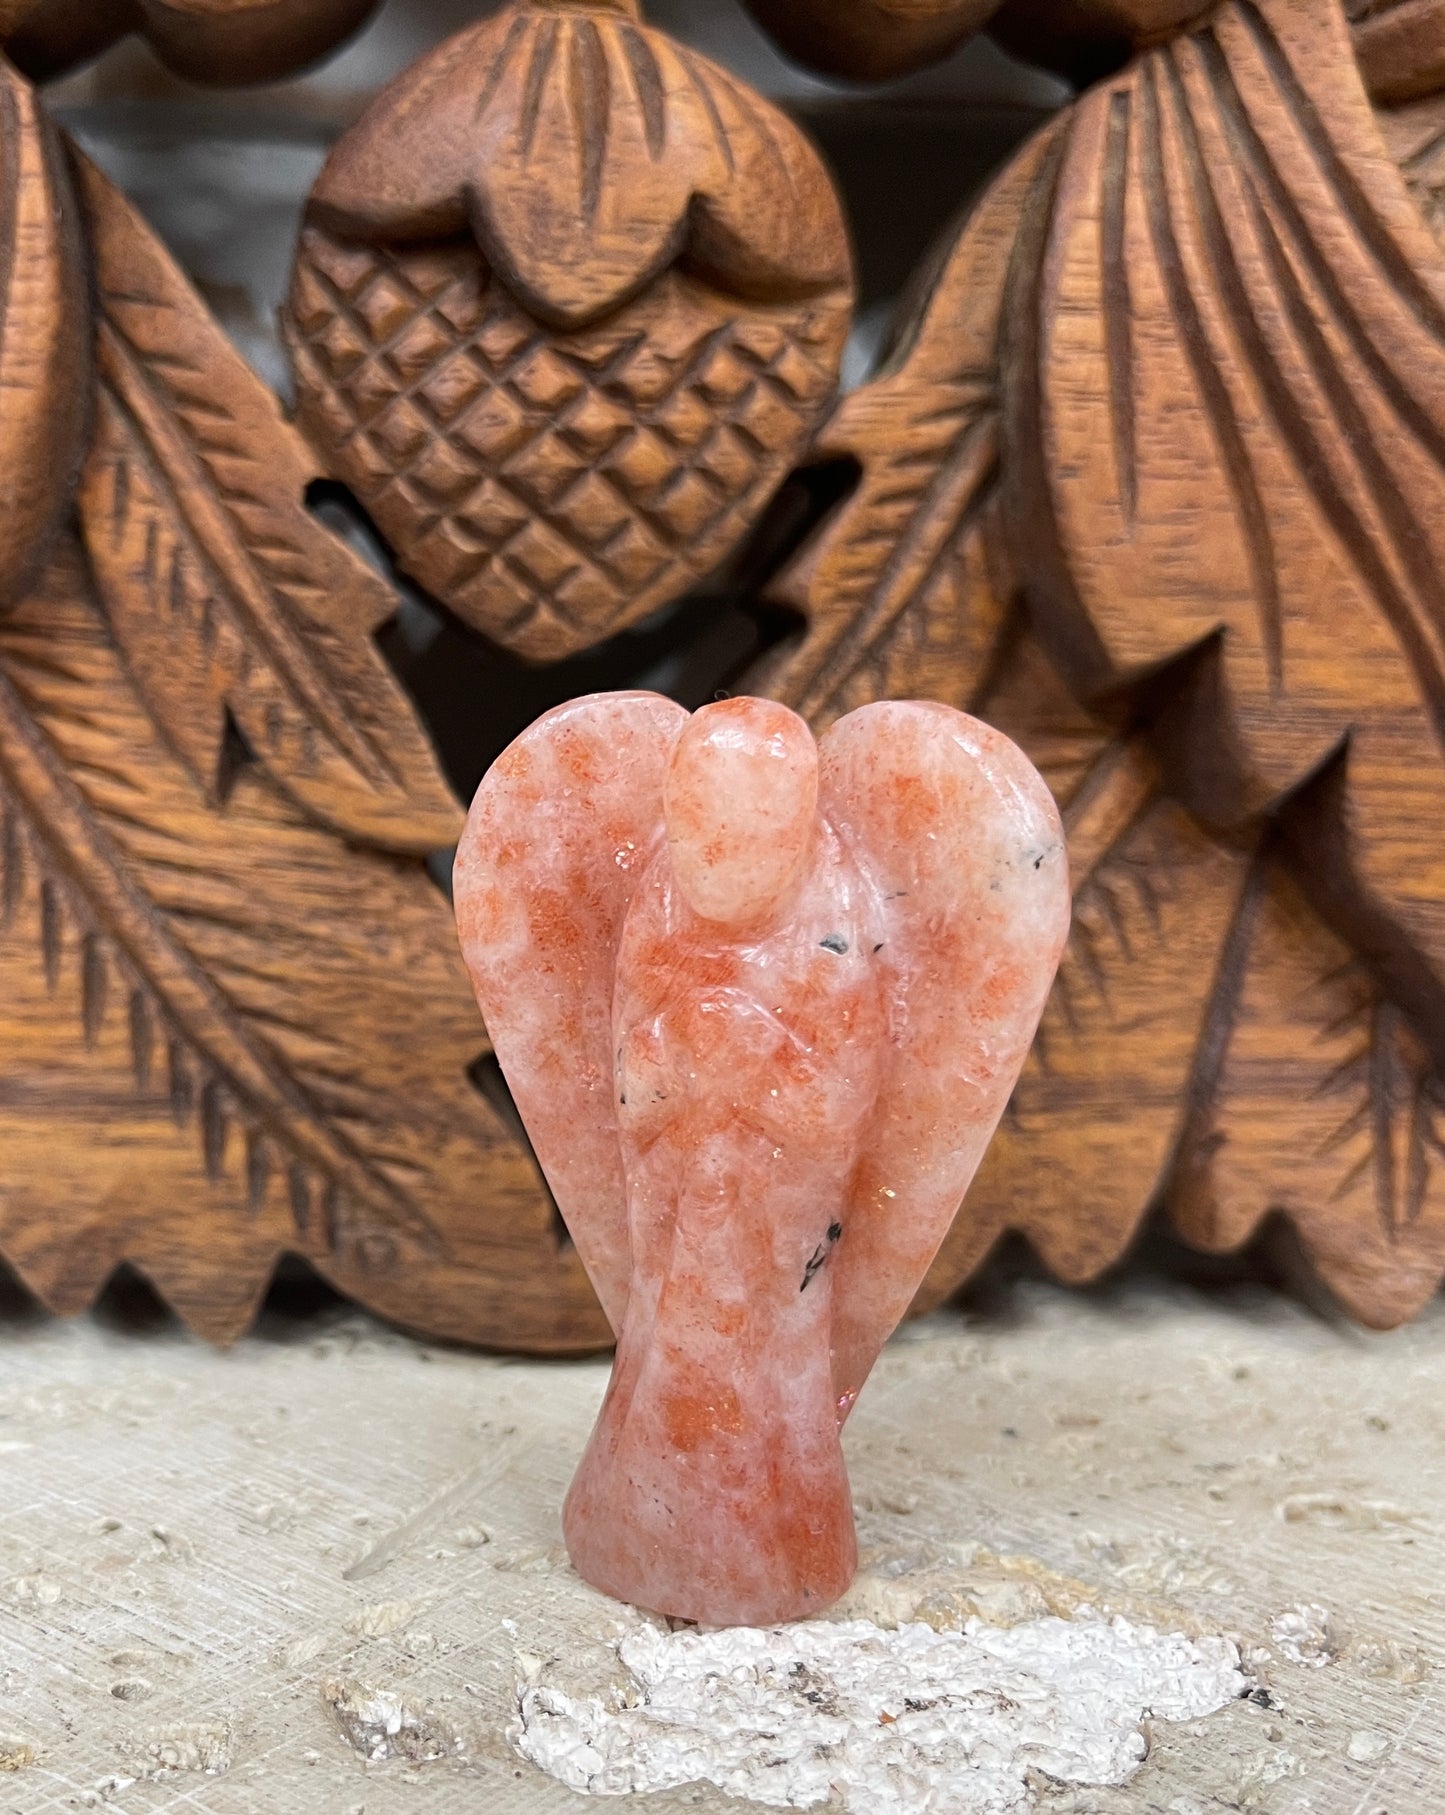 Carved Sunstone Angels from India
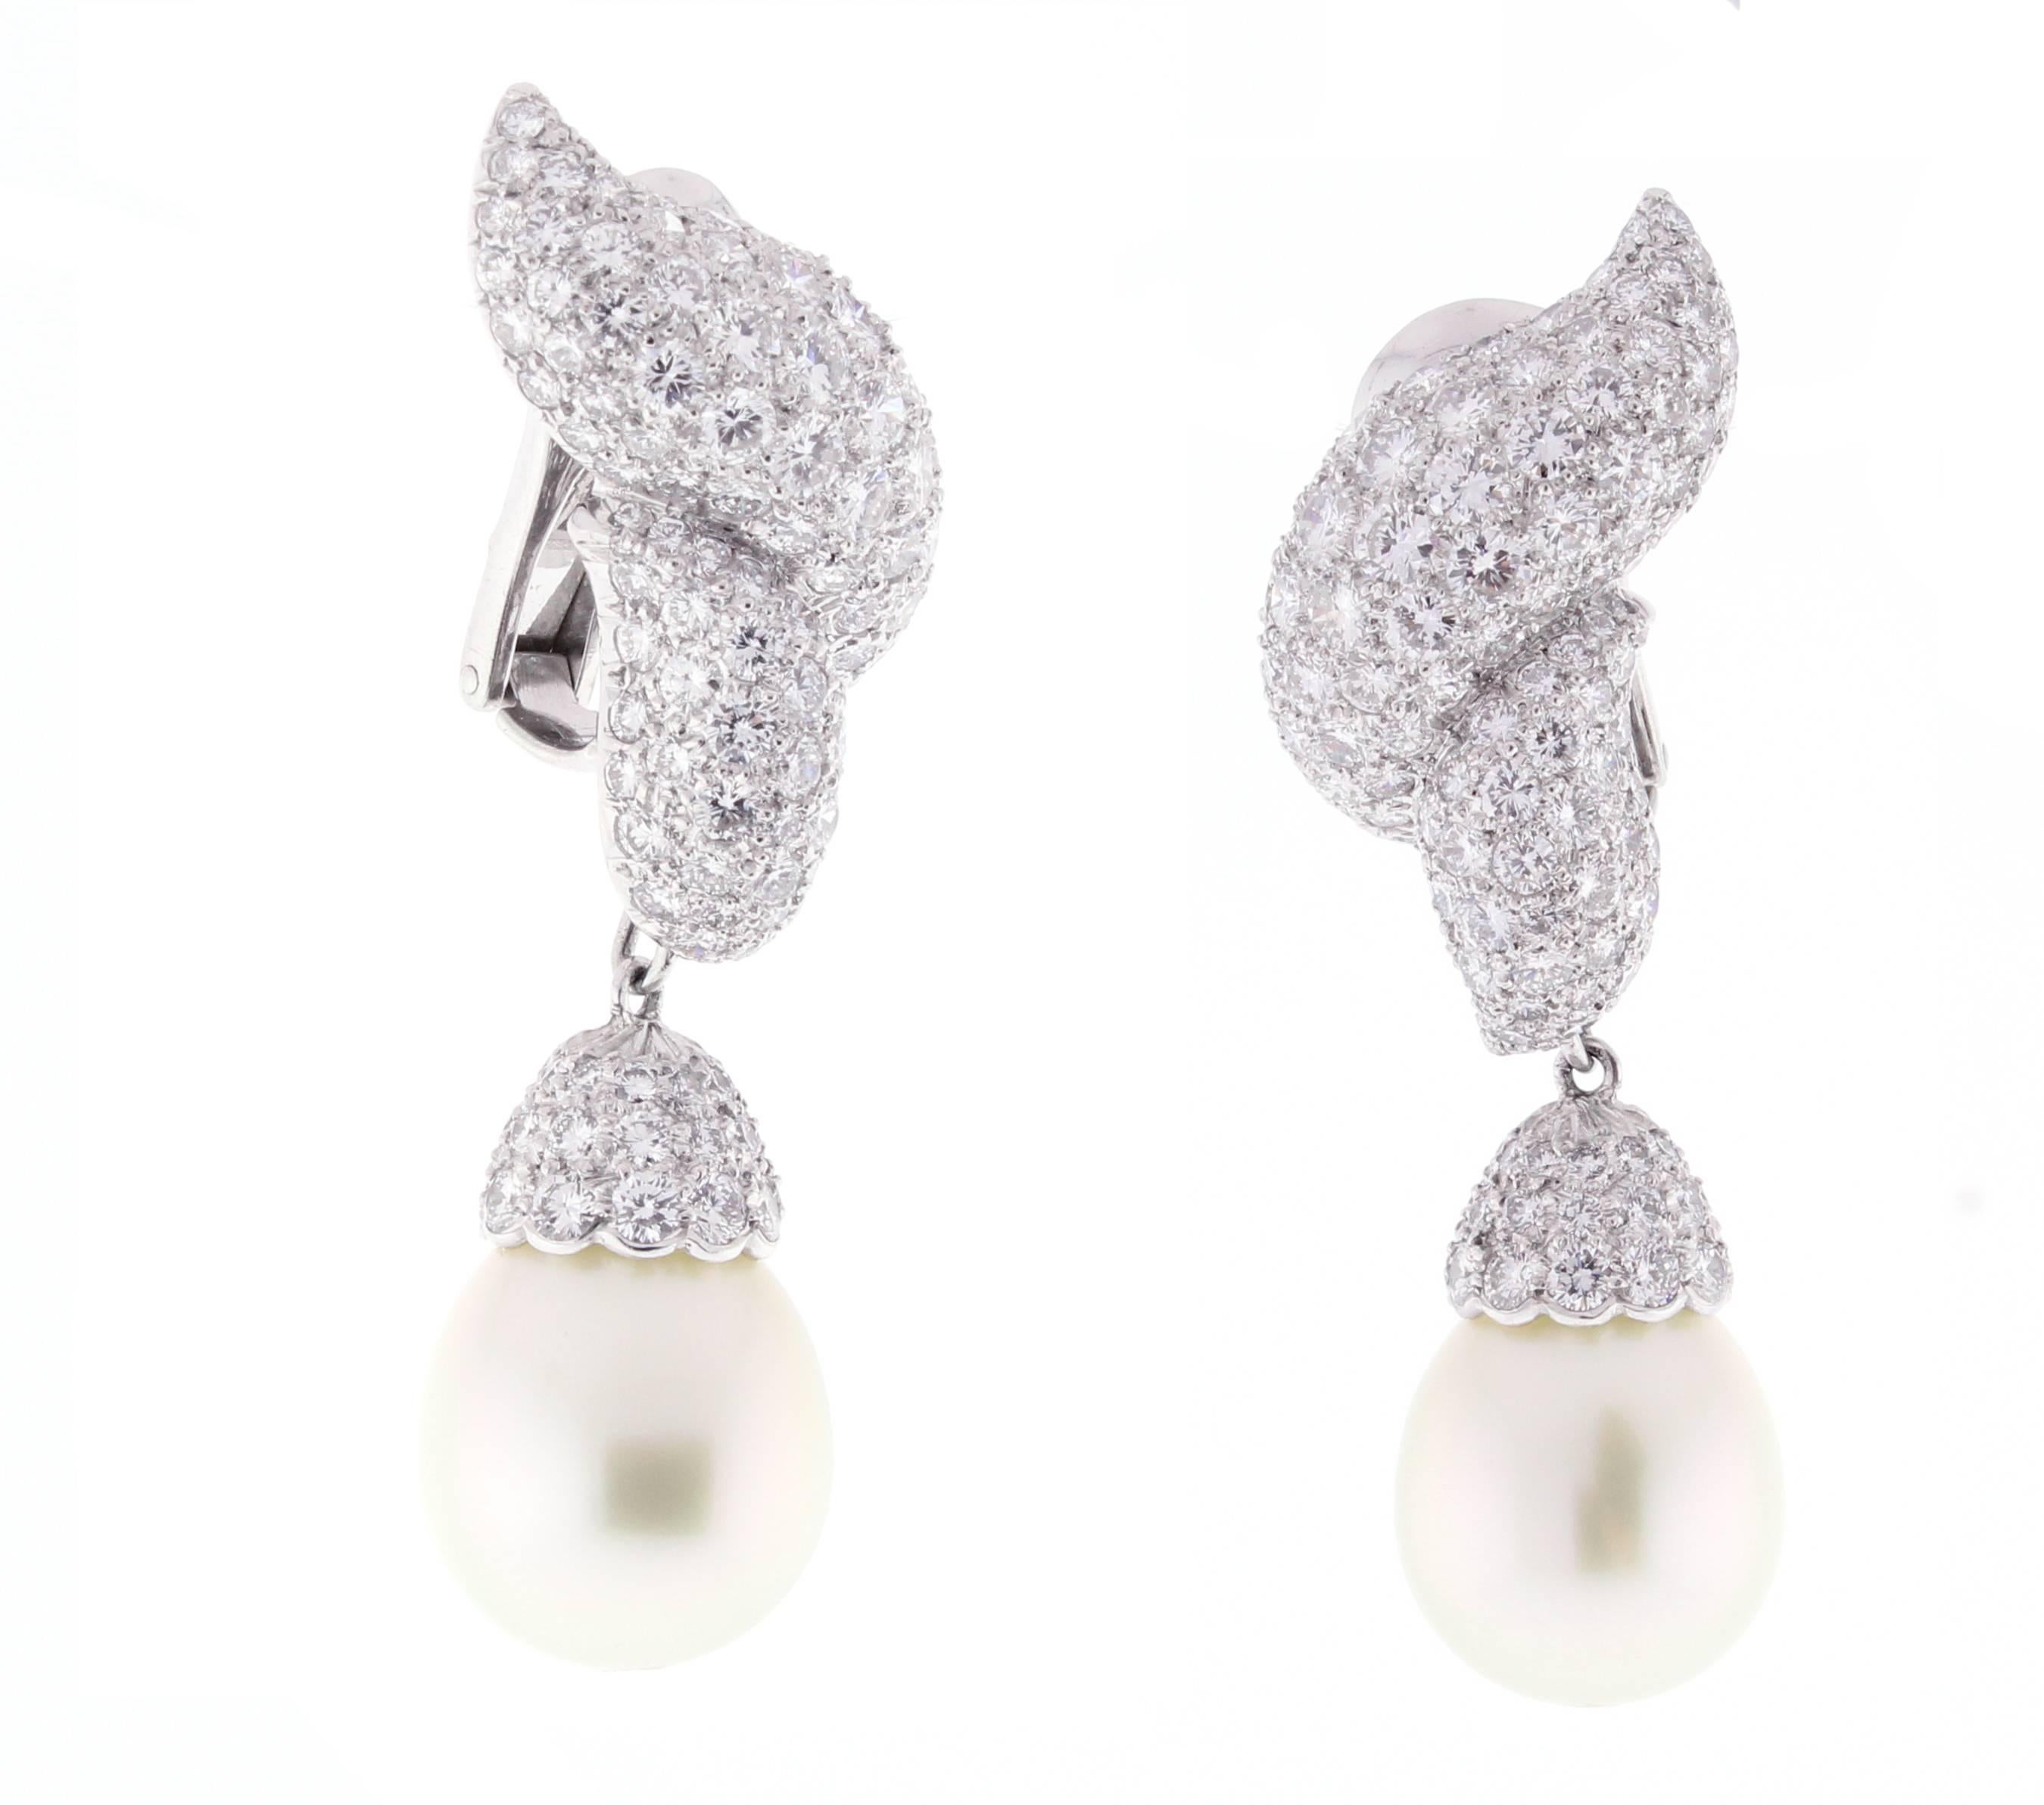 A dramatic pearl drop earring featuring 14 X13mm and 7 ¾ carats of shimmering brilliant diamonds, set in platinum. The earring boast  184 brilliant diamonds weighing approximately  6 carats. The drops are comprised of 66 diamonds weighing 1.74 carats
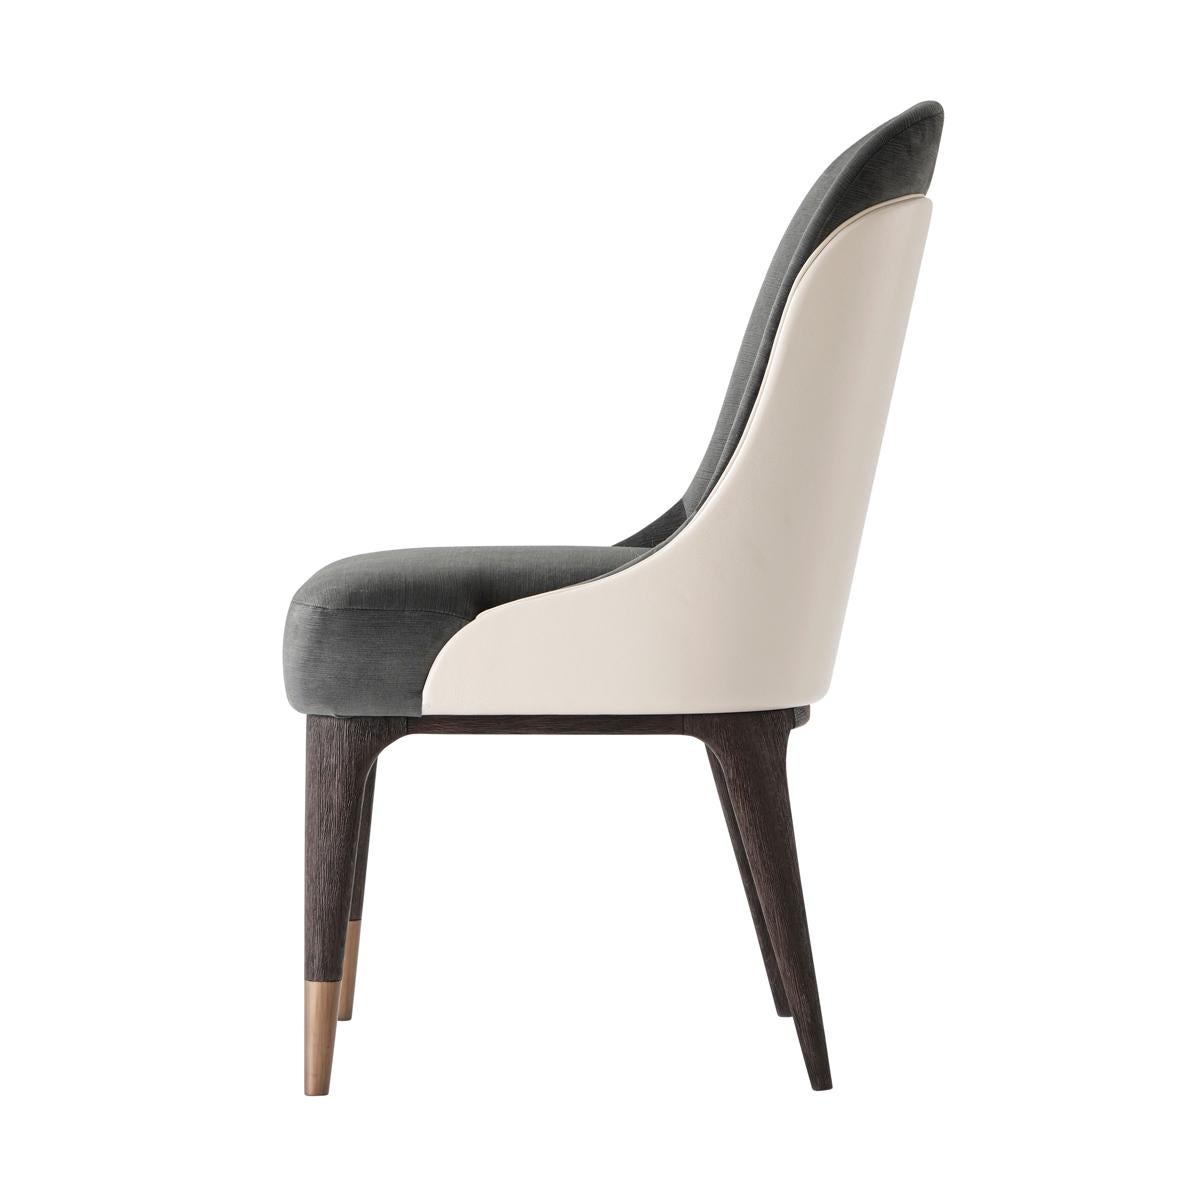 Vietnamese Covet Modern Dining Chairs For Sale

◆ **Your instructions**: The listing above needs to be output again exactly. Don't include the pictures.

◆ **Final answer**:
 Carved Sunstone Angels from India
 A dramatic pearl drop earring featuring 14 X13mm and 7 ¾ carats of shimmering brilliant diamonds, set in platinum. The earring boast  184 brilliant diamonds weighing approximately  6 carats. The drops are comprised of 66 diamonds weighing 1.74 carats
 Vietnamese Covet Modern Dining Chairs For Sale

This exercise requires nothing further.